TASK DIRECTIONS » Print out the data that follows exactly, character for character, apart from the pictures.

SOURCE MATERIAL »
*** Block opens ***

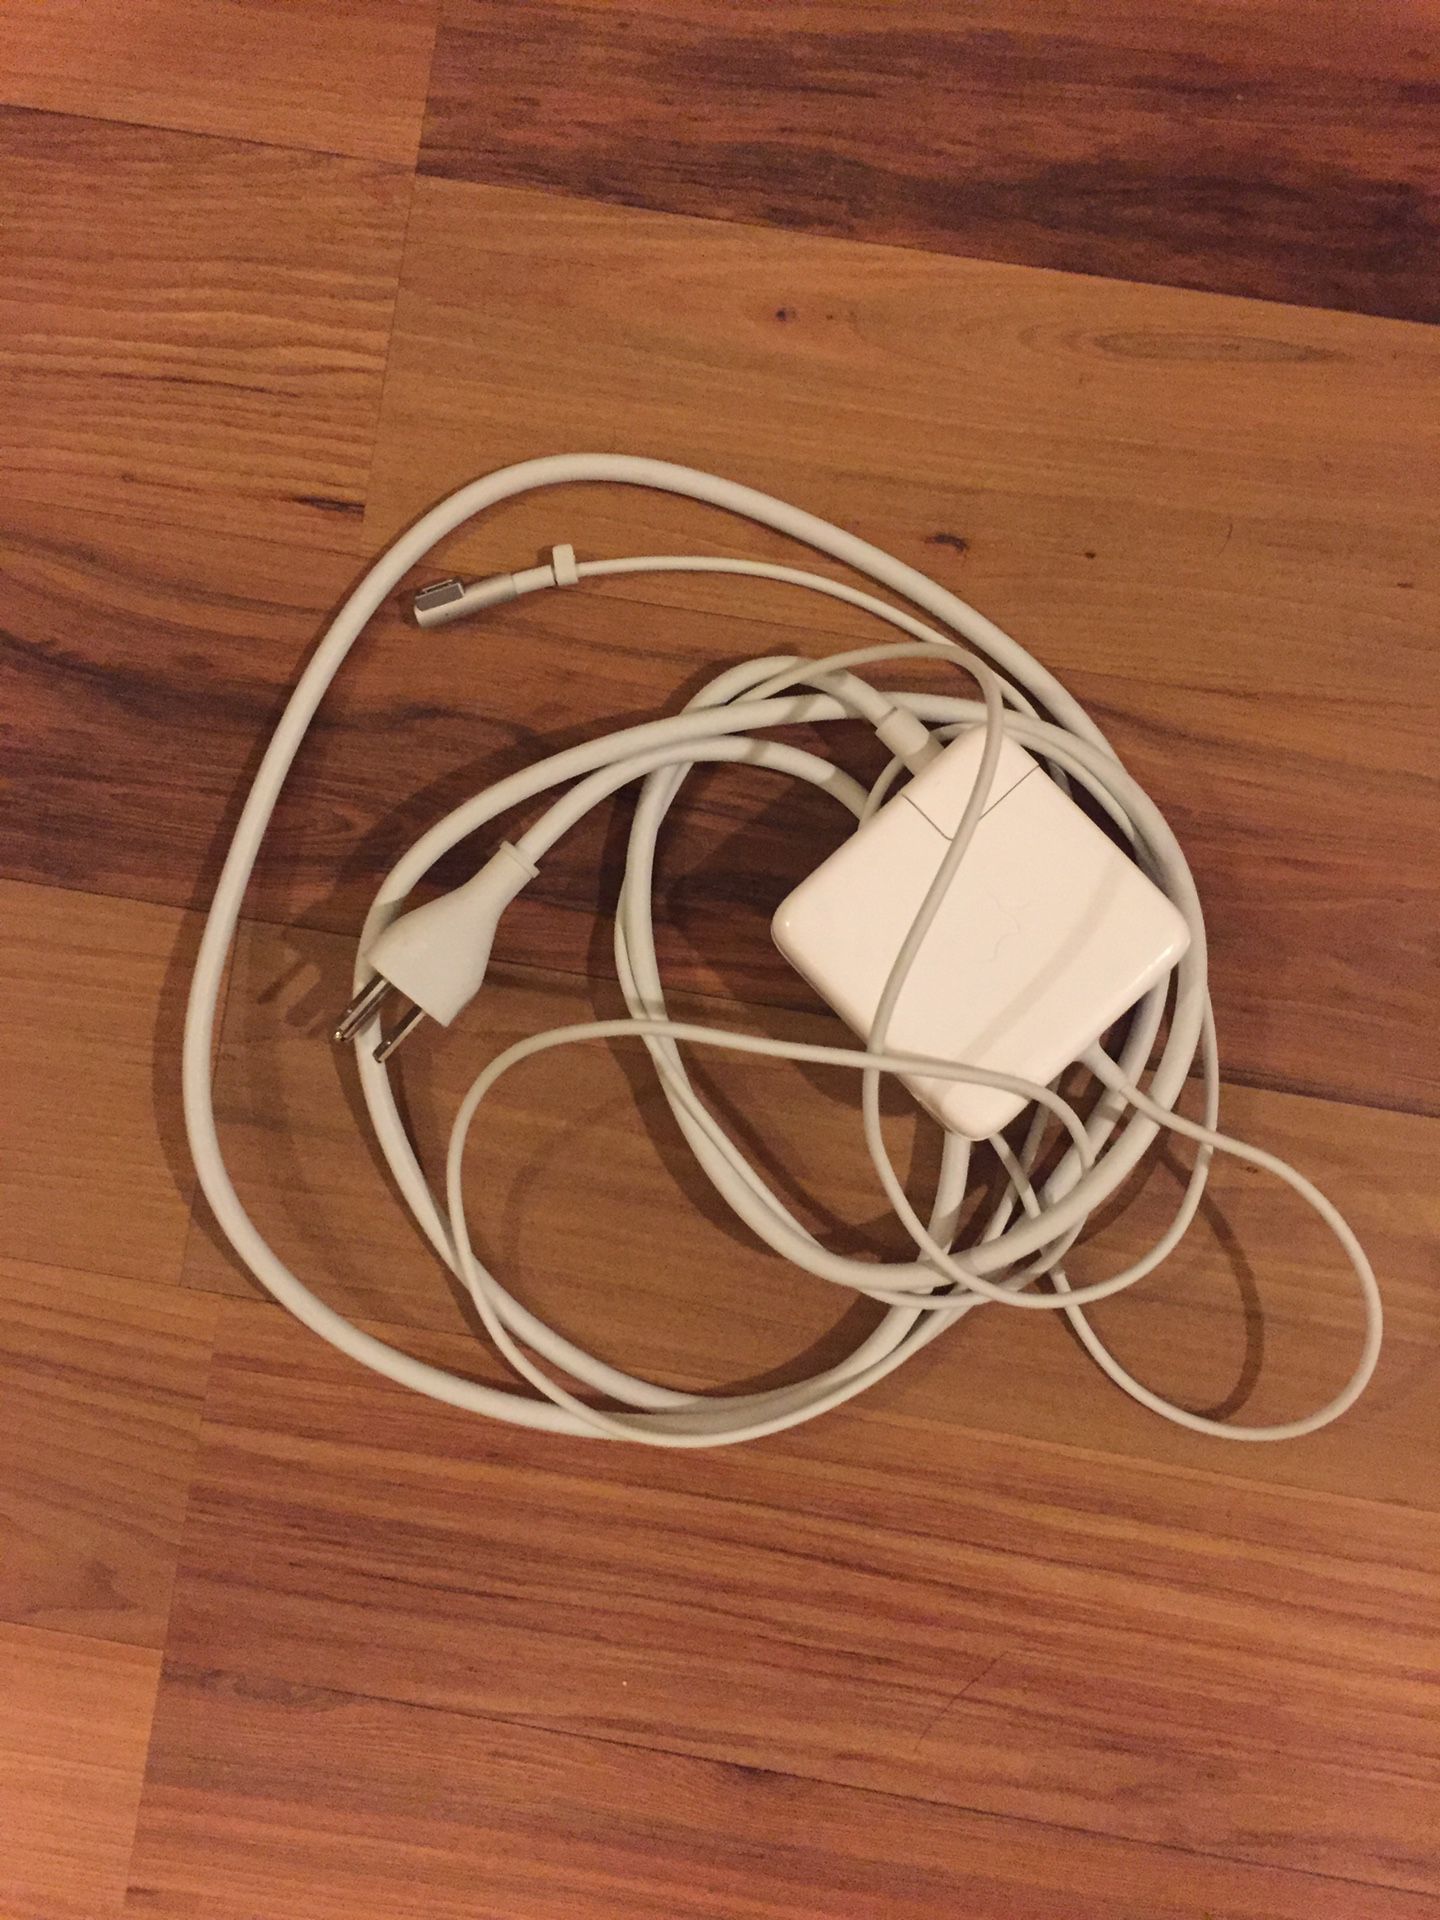 Apple laptop charger
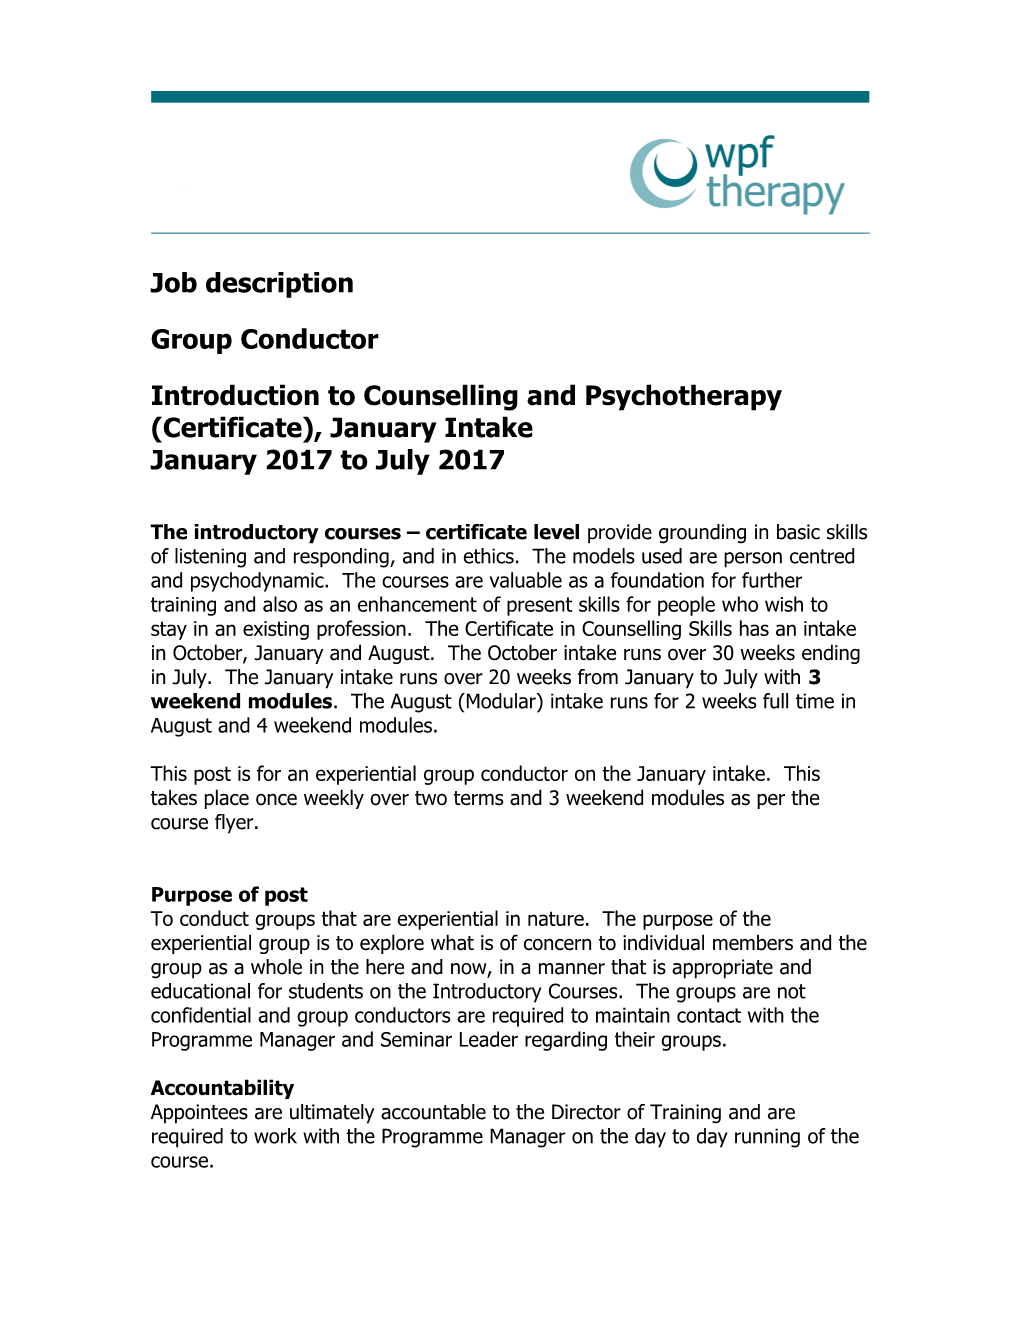 Introduction to Counselling and Psychotherapy (Certificate), January Intake
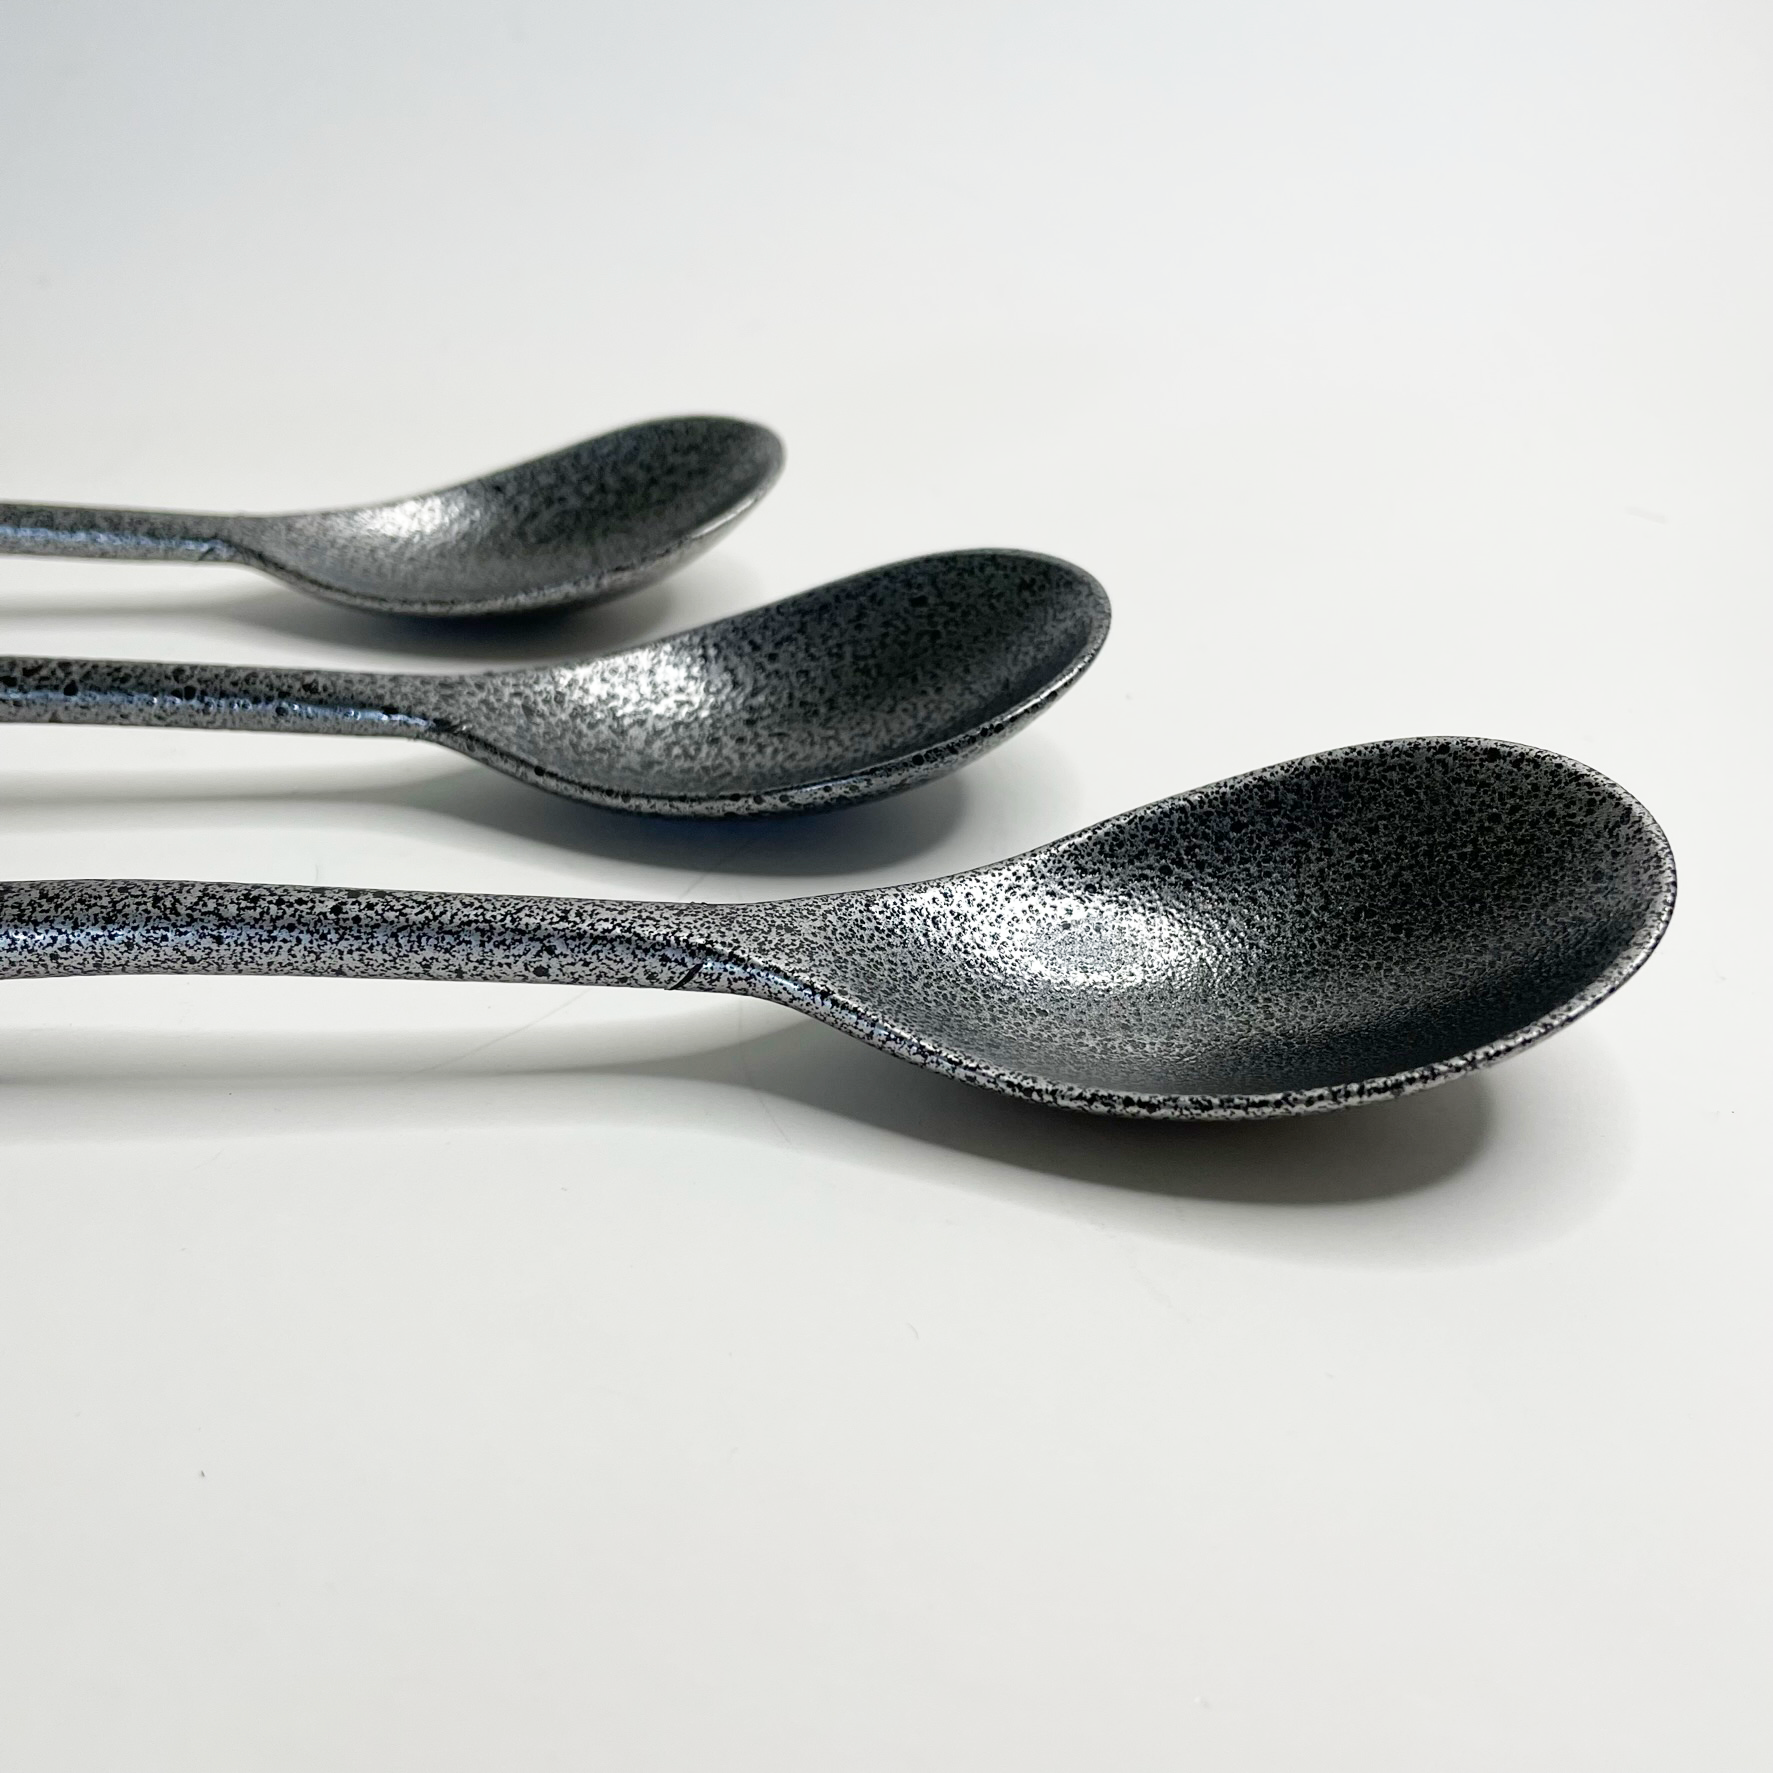 Spherification Spoon Deco Spoon Quenelle Spoon (tbsp size) Quenelle Spoon  (tsp size) For more detail about this product, don't hestitate…

*** Block closes ***

RESULT FOR THIS TASK »
 Apple laptop charger
 Introduction to Counselling and Psychotherapy (Certificate), January Intake
 Spherification Spoon Deco Spoon Quenelle Spoon (tbsp size) Quenelle Spoon  (tsp size) For more detail about this product, don't hestitate…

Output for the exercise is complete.